Formerly the inner-city garment district in the mid-20th century, Wynwood was home to a mix of blue- and white-collar workers. But over the second half of the past century, it slowly deteriorated into a slum of worn-down homes and impoverished citizens with few job prospects. Race riots and drug busts were not uncommon in the 1990s and businesses fled the area.

However, in the mid-2000s, land developer Tony Goldman saw a real opportunity. Known for his contribution to the redevelopment of New York's SoHo neighbourhood and Miami Beach, Mr. Goldman bought cheap property in Wynwood – both retail and large warehouses. Between 2004 and 2005, Goldman purchased more than 25 Wynwood properties.

In 2008, Mr. Goldman realized that his large, windowless warehouse walls were the perfect canvas for street art – graffiti. He offered free airfare, accommodations, supplies and a giant canvas to some of the world's most famous graffiti artists to showcase their work. Dozens took him up on his offer and turned his drab buildings into beautiful works of art. And thus, Wynwood Walls was born.
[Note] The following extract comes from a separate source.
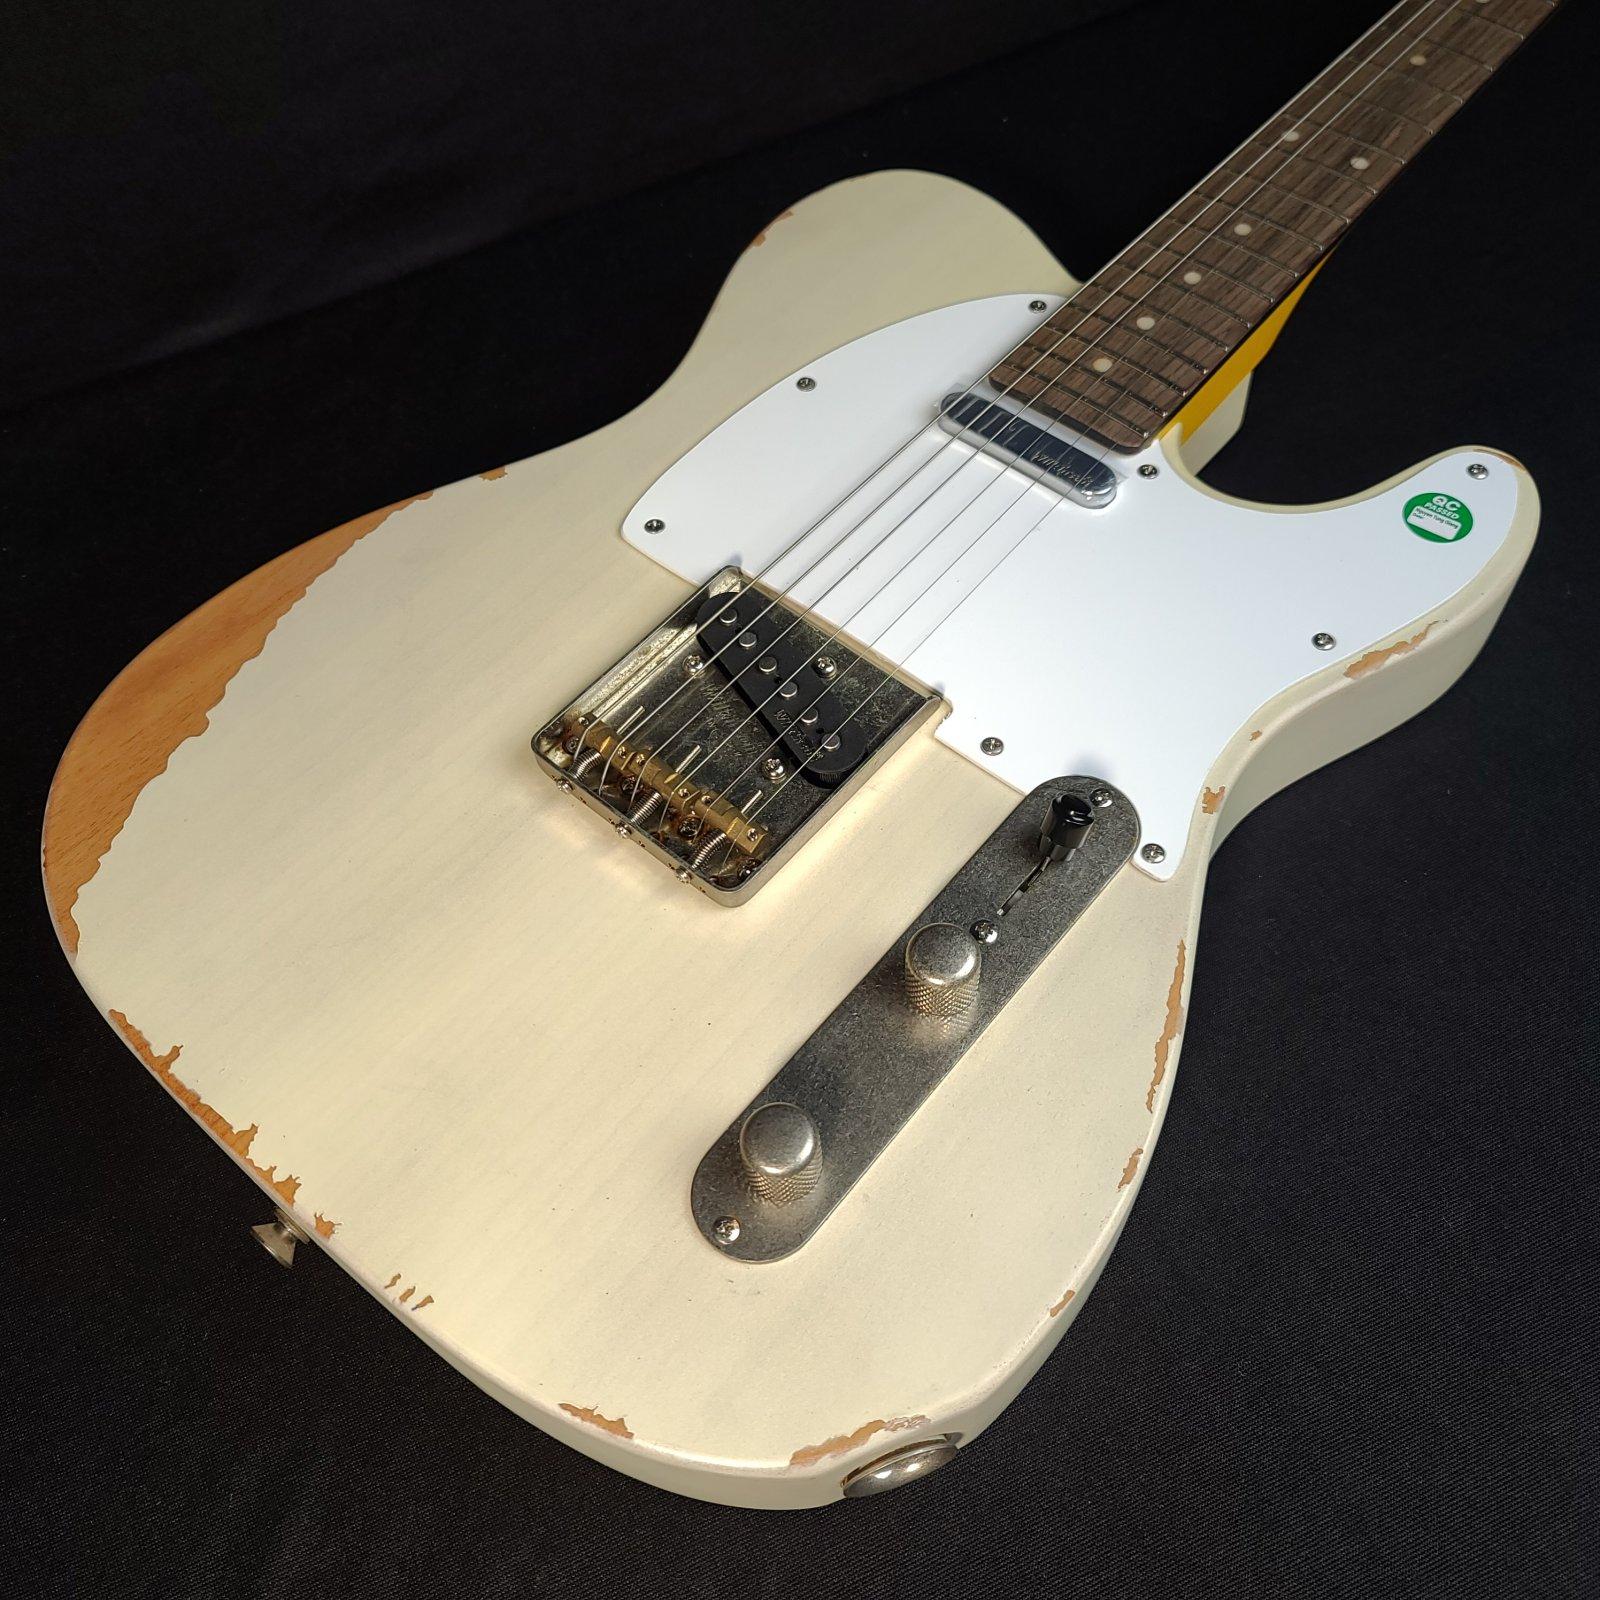 Vintage V62MRAB Distressed Reissue Ash Blonde Electric Guitar

Now the centrepiece of the neighbourhood, Wynwood Walls is an outdoor, public museum of street art. Artists from around the world now compete to install their work on the walls. Its popularity with tourists has forced Goldman Properties (run by his daughter Jessica after Tony died in 2012) to expand, using shipping containers as canvases where warehouse walls don't exist.

More impressive than the art itself is what happened in the surrounding area. Neighbouring businesses followed suit, commissioning artwork on their building walls. Today, nearly every building in the neighbourhood has a wall or two adorned with street art.

Since 2008, property values have shot up. Retail spaces that once rented for $10 per square foot now fetch eight times that amount. And warehouses that would have sold for $40 per square foot now sell for as much as $400 per square foot.

Crime rates have plummeted and both retail and residential development have made Wynwood one of Miami's hot spots. Vogue magazine named Wynwood one of "the world's coolest neighbourhoods," and Forbes magazine named Wynwood to its list of "American's best hipster neighbourhoods."

All of this occurred because private business owners invested in public art.

Similarly, the most photographed piece of public art in Calgary – the Wonderland sculpture (the 12-metre-high grid-like head) at the Bow Building – was entirely funded by Encana Corporation and Cenovus Energy, not taxpayers.

Miami's Wynwood Walls cannot be replicated by governments using tax dollars. It can only be replicated by those with skin in the game. Public art has the ability to create tremendous benefit.

The Walls have shown that tourists, citizens, land developers and the city all benefit when the private sector takes the lead on public art.